Анализ конкретных эпизодов платоновской повести мы предварили обзором социально-политической обстановки в стране на рубеже 1929–1930 гг., где указывали, что для выполнения завышенного пятилетнего плана и высоких темпов индустриализации требовались сырье, деньги и люди. Поэтому в числе насущных задач первой пятилетки провозглашаются поиски сырья для развивающейся промышленности и «борьба за создание валютных ресурсов». Важную роль в решении этих задач, по официальному плану, должна была сыграть «организация сбора утильсырья». Трудно сказать, насколько руководство страны действительно верило в возможность таким способом создать сырьевую базу промышленности и собрать средства на индустриализацию, но к концу 1929 г. призывы собирать утильсырье становятся все настойчивее, а в первых числах января 1930 г. средства массовой информации оповещают о начале «месячника по сбору утиля». Главная газета страны «Правда» 3 января 1930 г. пишет: «С 1 января по всей московской области начался месячник по сбору утильсырья. Эта кампания является началом ударной работы по сбору утиля по всему нашему Союзу». Газета акцентирует и главную цель сбора утильсырья — «создание валютных ресурсов». Особая роль в создании валютных ресурсов отводится «конскому волосу». Средства массовой информации время от времени сообщают, что крестьяне такой-то деревни «срезают лошадям гривы и волосы с хвостов и сдают, как экспортное сырье»[118]. В «Котловане» требования «обрезать хвосты» звучат по радио: «Товарищи, мы должны, — ежеминутно произносила требование труба, — обрезать хвосты и гривы у лошадей! Каждые восемьдесят тысяч лошадей дадут нам тридцать тракторов!» (53).

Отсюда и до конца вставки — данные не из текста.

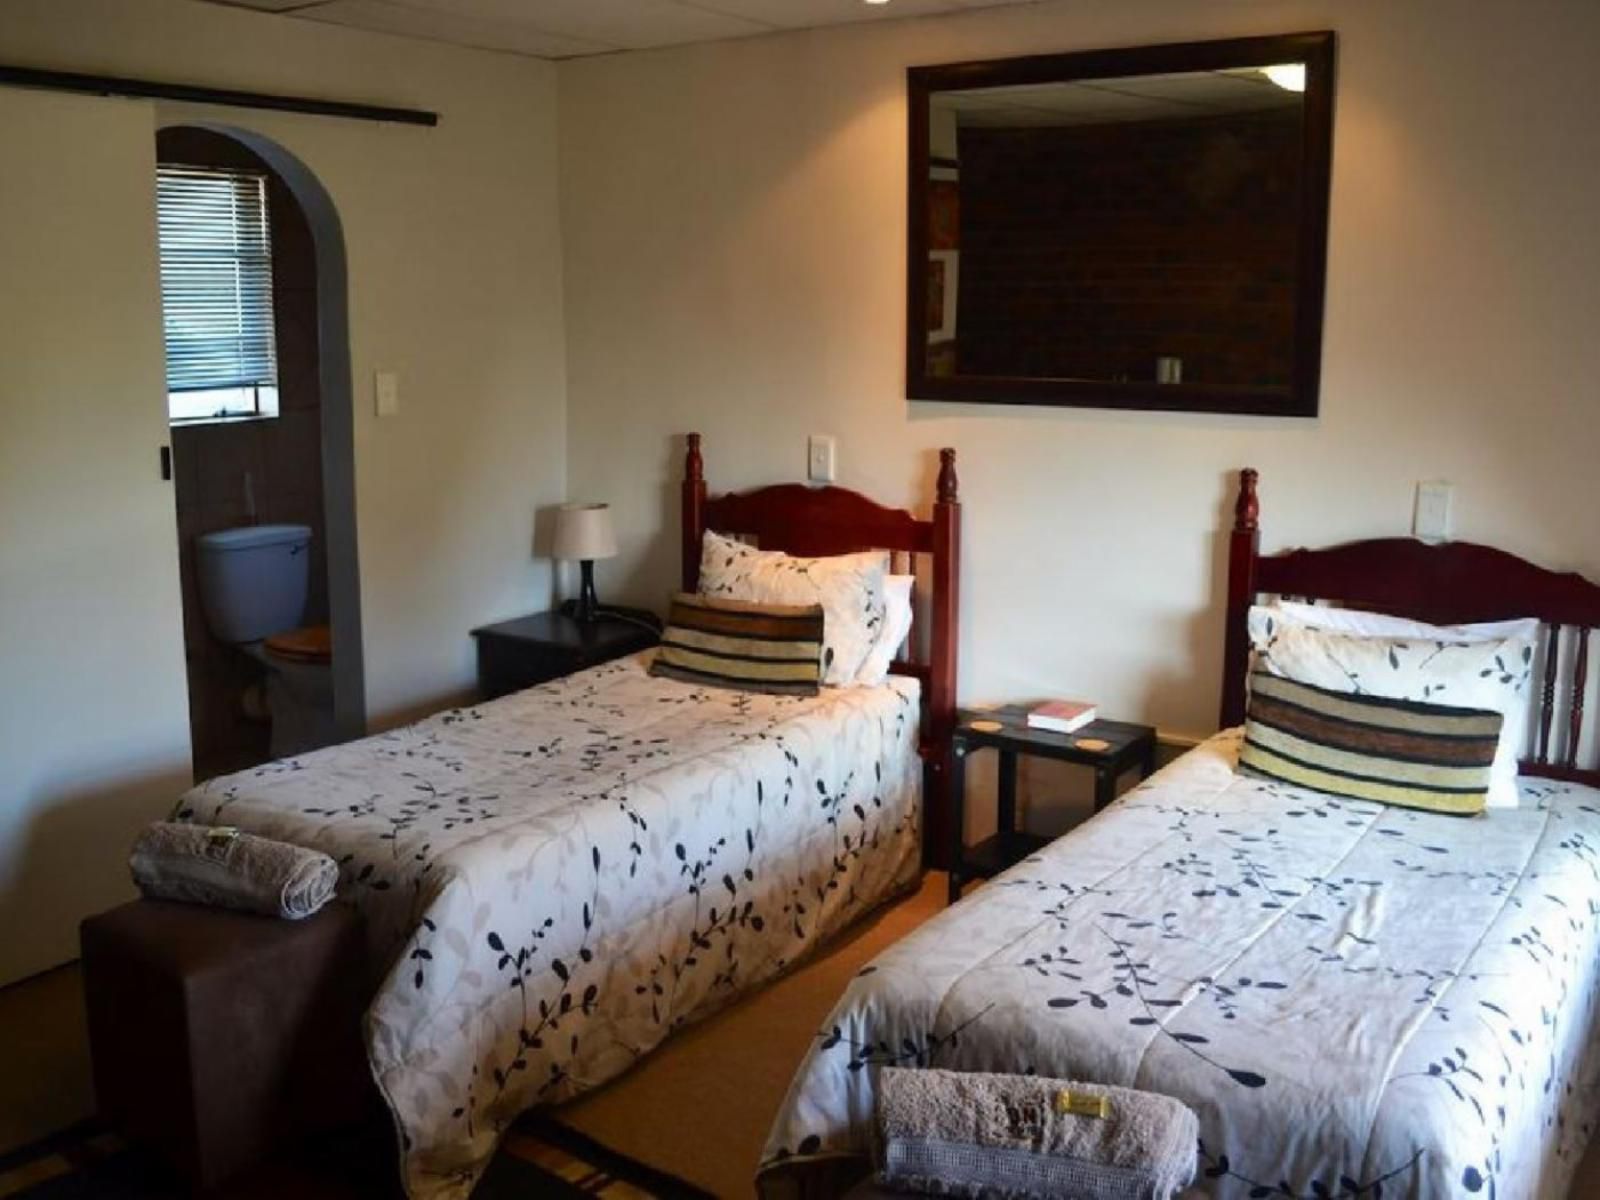 The Venue And Guest Rooms On Site Potchefstroom North West Province South Africa

Подчеркивая необходимость «бережного отношения к отбросам и отходам и их утилизации», «Правда» призывает: «Надо наметить организационные формы сбора утиля, привлекая для этого кадры безработных в городах». Не все трудящиеся и безработные откликнулись на призыв собирать утиль: газеты периодически сообщают о том, что «месячник по сбору утильсырья проходит слабо». Но оказавшийся безработным Вощев не остался равнодушным и к предложению партии «бережно относиться к отбросам и отходам», как прежде — искать пути повышения производительности труда.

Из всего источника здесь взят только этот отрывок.